Nel Manifesto del 1929 si legge:
“La concezione scientifica del mondo è caratterizzata non soltanto da tesi peculiari quanto, piuttosto,
dall’orientamento di fondo, dalla prospettiva, dall’indirizzo di ricerca. Essa si prefigge come scopo l’unificazione della
scienza. Suo intento è di collegare e coordinare le acquisizioni dei singoli ricercatori nei vari ambiti scientifici. Da
questo programma, derivano l’enfasi sul lavoro collettivo, sull’intersoggettività, nonché la ricerca di un sistema
globale di concetti. Precisione e chiarezza vengono perseguite, le oscure lontananze e le profondità impenetrabili
respinte. Nella scienza non si dà “profondità” alcuna; ovunque è la superficie: tutta l’esperienza costituisce
un’intricata rete, talvolta imperscrutabile e spesso intelliggibile solo in parte. Tutto è accessibile all’uomo e l’uomo è
la misura di tutte le cose. In ciò si riscontra un’affinità con i sofisti, non con i platonici; con gli epicurei, non con i
pitagorici; con tutti i fautori del mondano o del terreno. La concezione scientifica del mondo non conosce enigmi
insolubili. Il chiarimento delle questioni filosofiche tradizionali conduce, in parte, a smascherarle quali pseudo-
problemi; in parte, a convertirle in questioni empiriche, soggette, quindi, al giudizio della scienza sperimentale.

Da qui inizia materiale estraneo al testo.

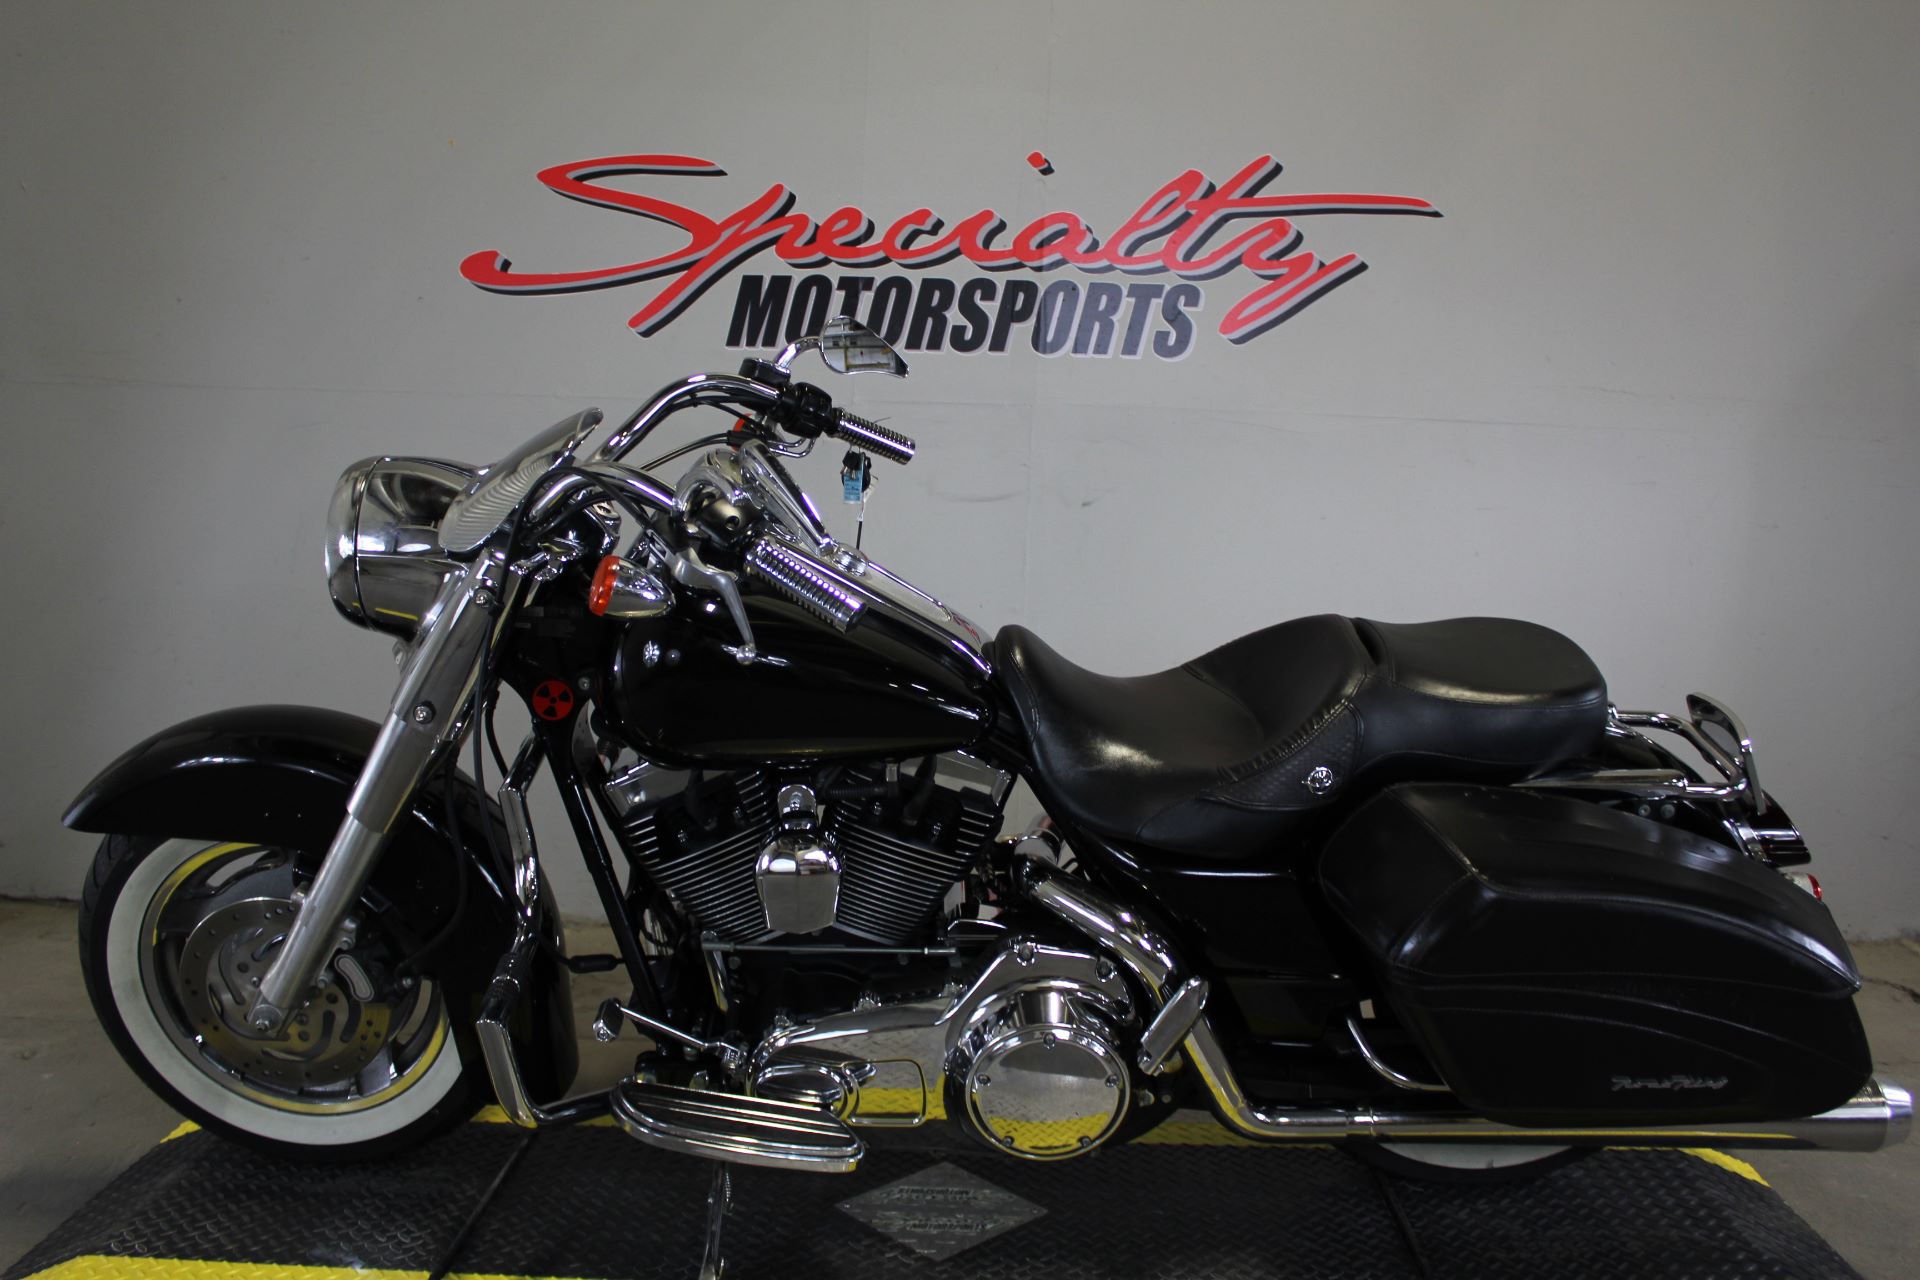 2007 Harley-Davidson Road King® Custom in Sacramento, California - Photo 5

Proprio tale chiarimento di questioni e asserti costituisce il compito dell’attività filosofica, che, comunque, non tende a
stabilire specifici asserti “filosofici”. Il metodo di questa chiarificazione è quello dell’analisi logica” (H.Hahn,
L.Carnap, O.Neurath, La concezione scientifica del mondo (1929), a cura di A. Pasquinelli Laterza, Bari, 1979,
pp.7(,75).
Concetti fondamentali
La più caratteristica affermazione del positivismo logico è che una proposizione ha significato solo nella misura in cui
essa è verificabile (principio di verificazione o verificazionismo). Ne segue che sono dotate di significato solo due classi
di proposizioni:
• Le proposizioni empiriche (verità empiriche), come tutti i gravi cadono verso il centro della Terra, che sono
verificate per via di esperimenti; questa categoria include anche le teorie scientifiche;
• Le proposizioni analitiche (verità analitiche), come tutti i mariti sono sposati o la somma degli angoli interni
di un quadrilatero convesso è 360 gradi, che sono vere per definizione; questa categoria include le
proposizioni matematiche.
Tutte le altre proposizioni, incluse quelle di natura etica ed estetica, sull'esistenza di Dio, e via dicendo, non sono
quindi "dotate di significato", e appartengono invece alla “metafisica”. Le questioni metafisiche sono in effetti falsi
problemi e non meritano l'attenzione dei filosofi. Successivamente, il principio di verificazione andrà indebolendosi
approdando al principio della controllabilità che ha in sé, come casi particolari, i principi di verificazione e di
falsificazione, che da soli andavano incontro a svariati problemi anche logici.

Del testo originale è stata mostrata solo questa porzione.